- Data segment -
****************
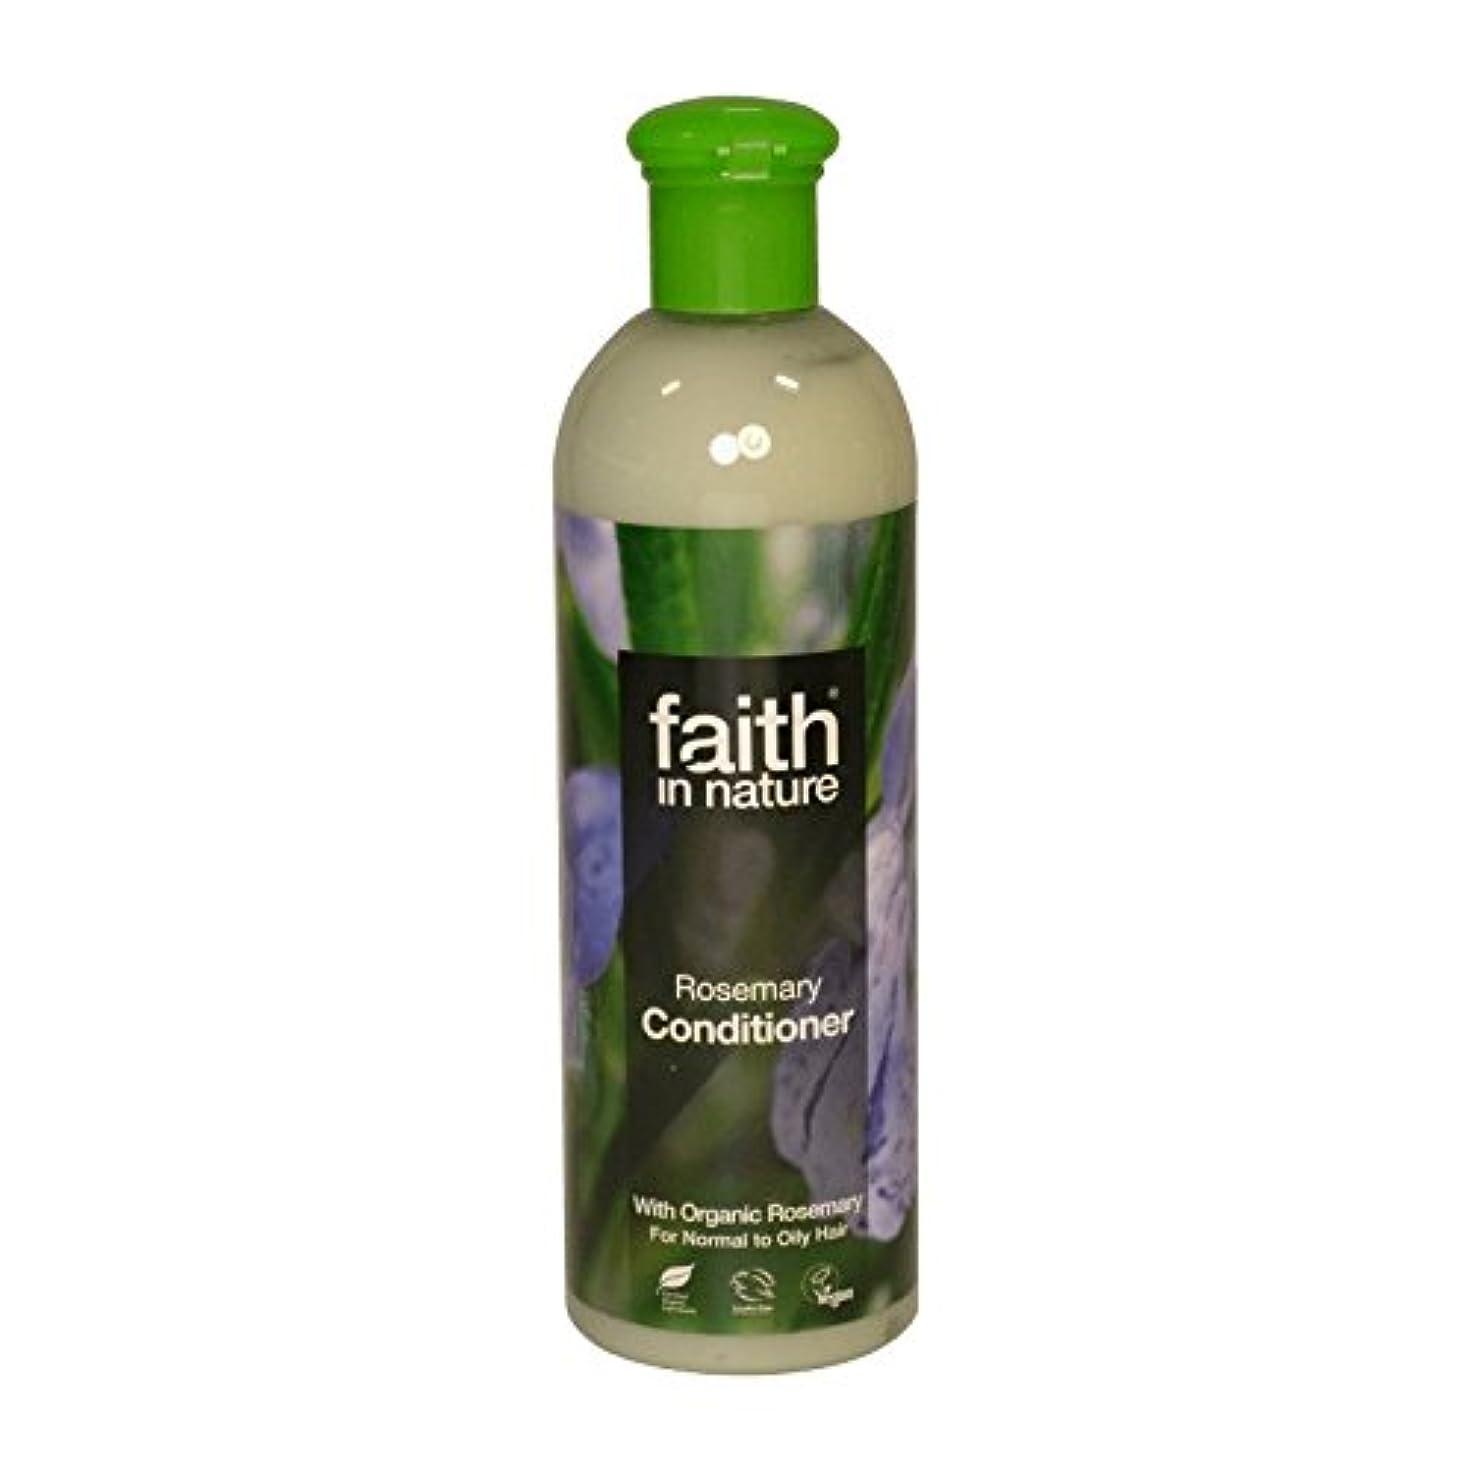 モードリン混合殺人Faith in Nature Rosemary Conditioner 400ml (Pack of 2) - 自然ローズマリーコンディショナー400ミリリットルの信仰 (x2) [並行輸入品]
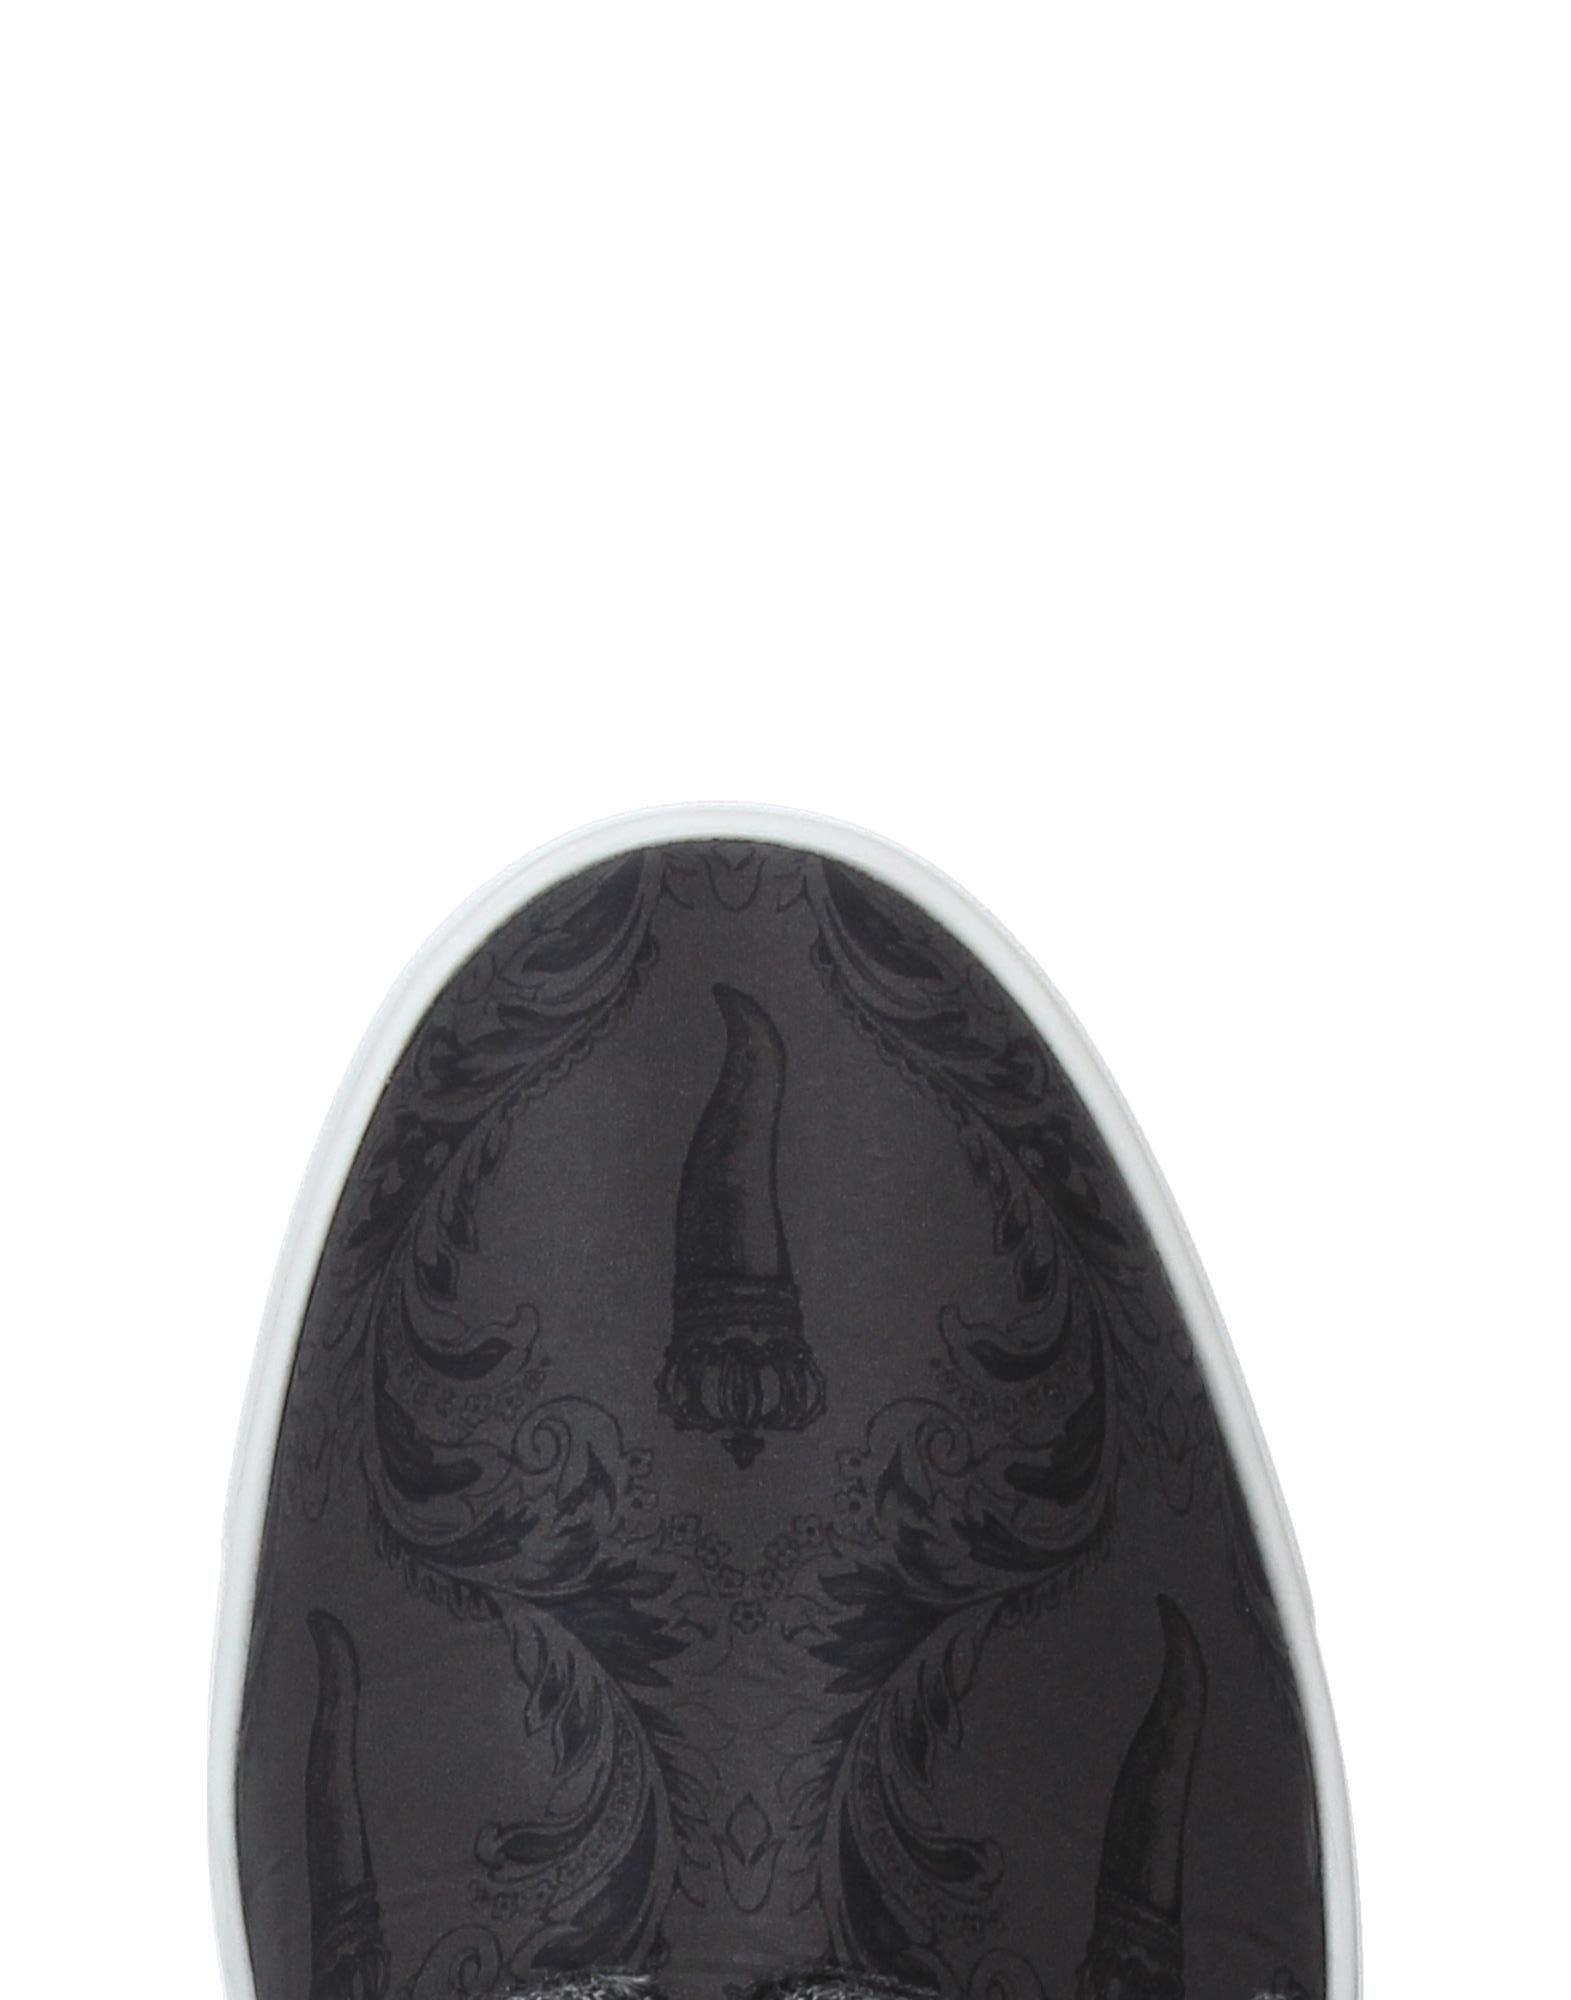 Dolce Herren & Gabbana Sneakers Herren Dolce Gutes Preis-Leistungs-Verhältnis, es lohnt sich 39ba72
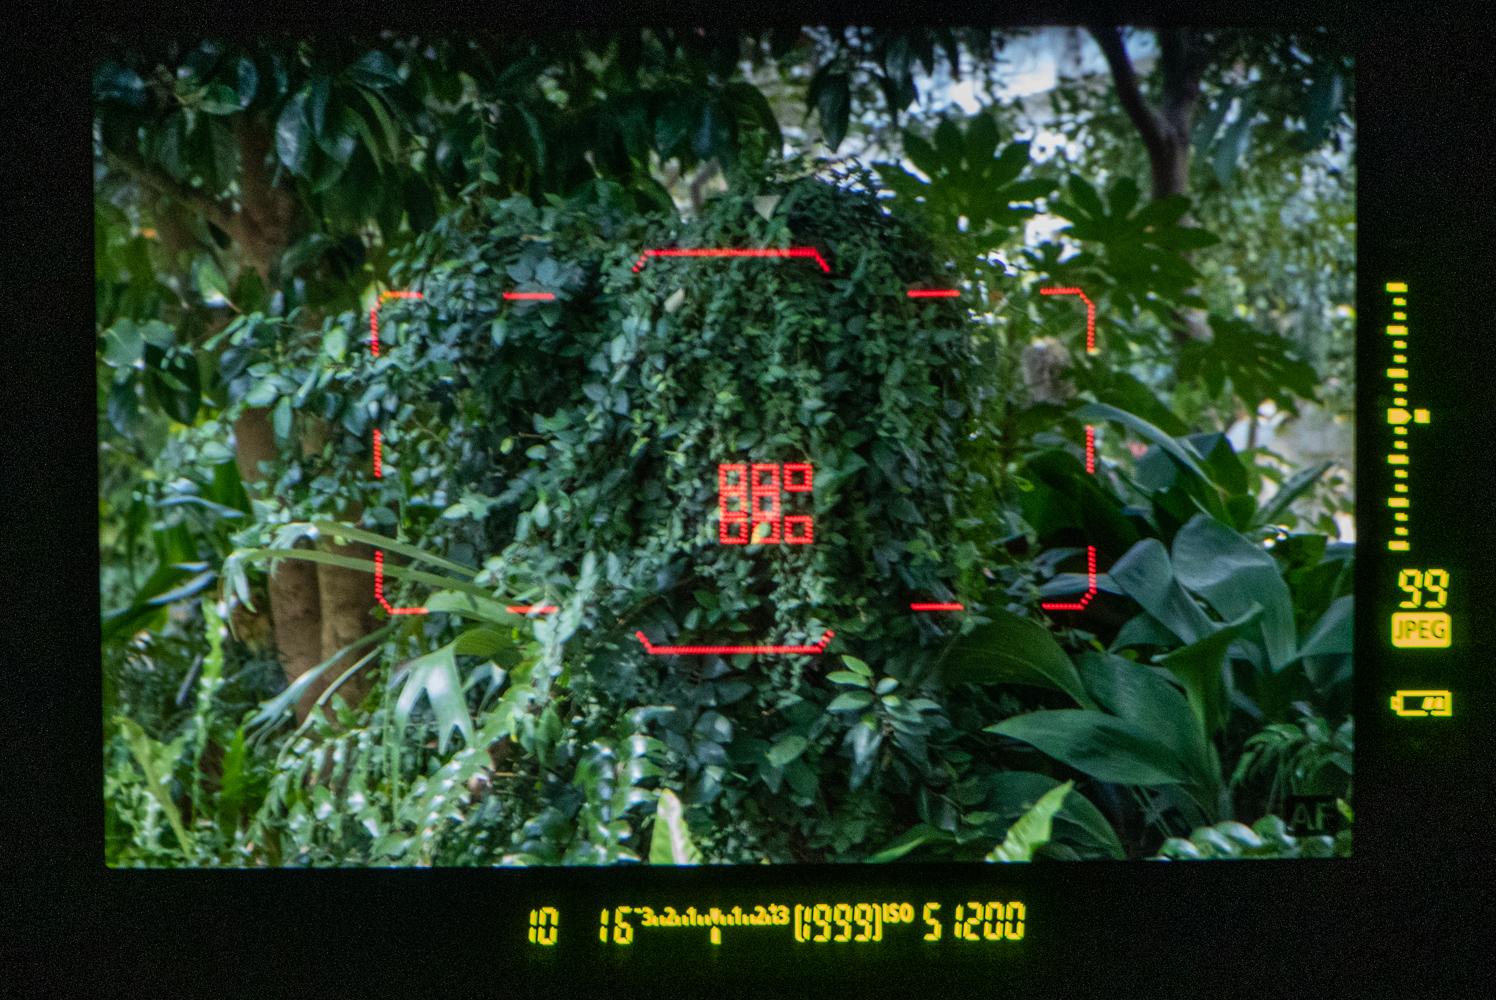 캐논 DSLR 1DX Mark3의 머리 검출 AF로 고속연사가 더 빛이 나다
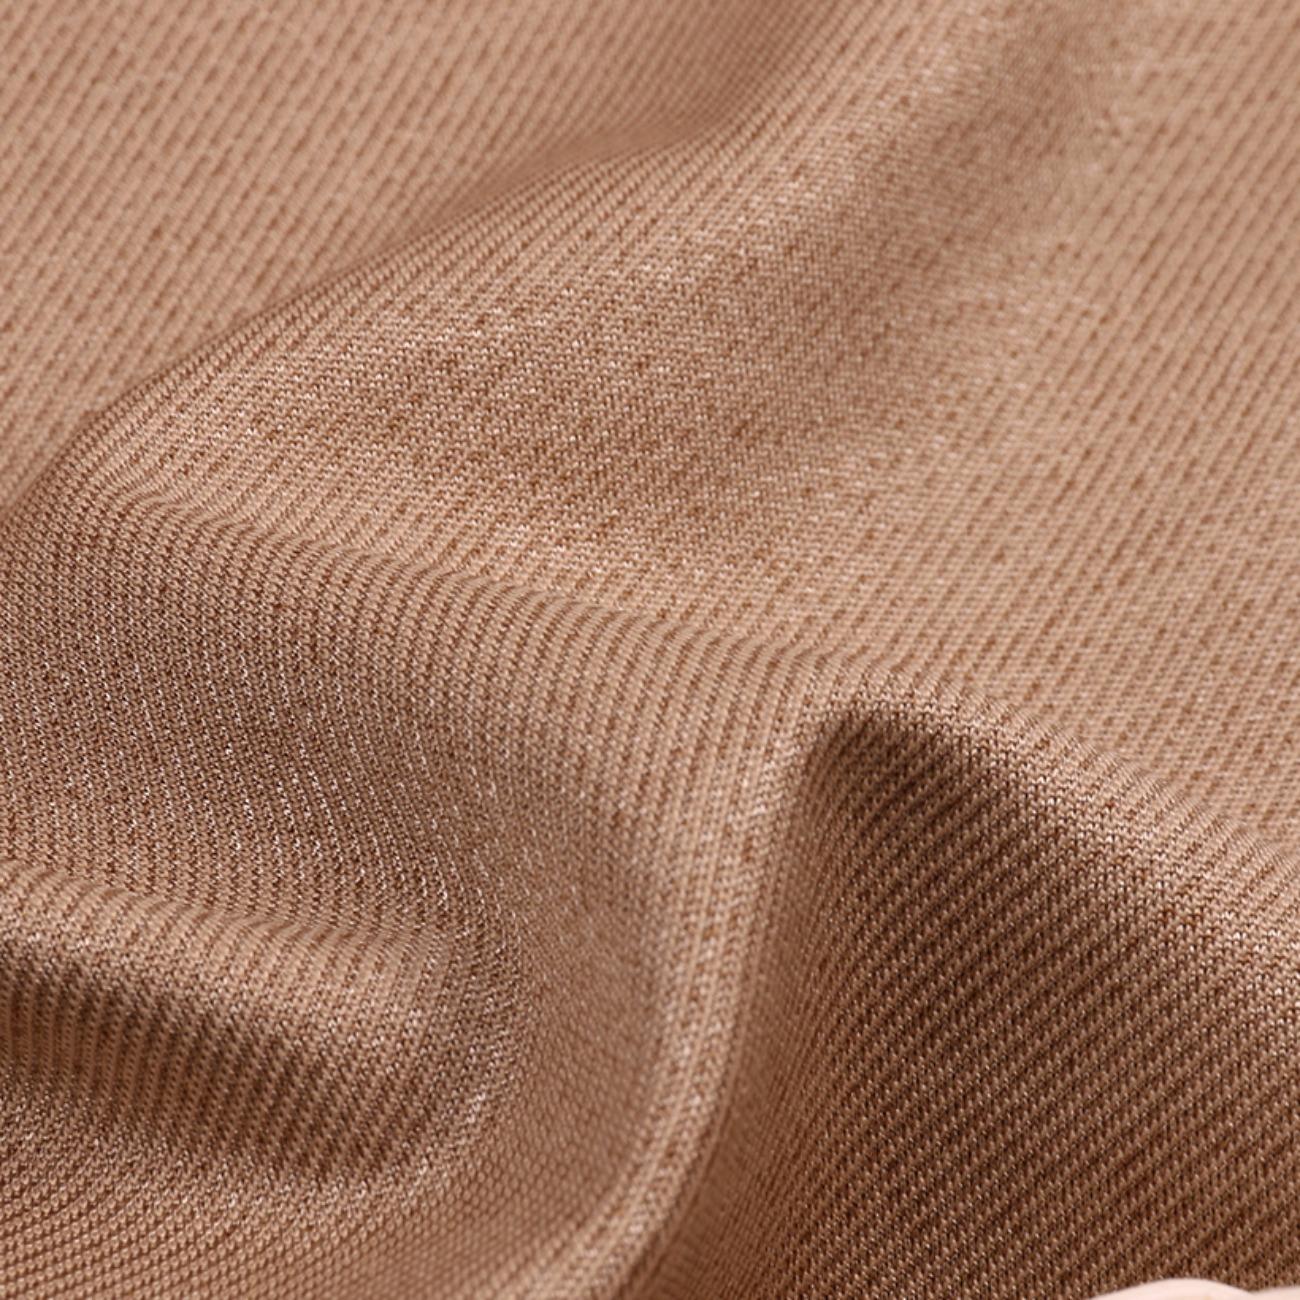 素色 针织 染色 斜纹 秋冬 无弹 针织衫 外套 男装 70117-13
****************
- Exercise description -
Go through the data and return every word of it verbatim, leaving out the pictures.

- Task answer -
 モードリン混合殺人Faith in Nature Rosemary Conditioner 400ml (Pack of 2) - 自然ローズマリーコンディショナー400ミリリットルの信仰 (x2) [並行輸入品]
 Dolce Herren & Gabbana Sneakers Herren Dolce Gutes Preis-Leistungs-Verhältnis, es lohnt sich 39ba72
 캐논 DSLR 1DX Mark3의 머리 검출 AF로 고속연사가 더 빛이 나다
 素色 针织 染色 斜纹 秋冬 无弹 针织衫 外套 男装 70117-13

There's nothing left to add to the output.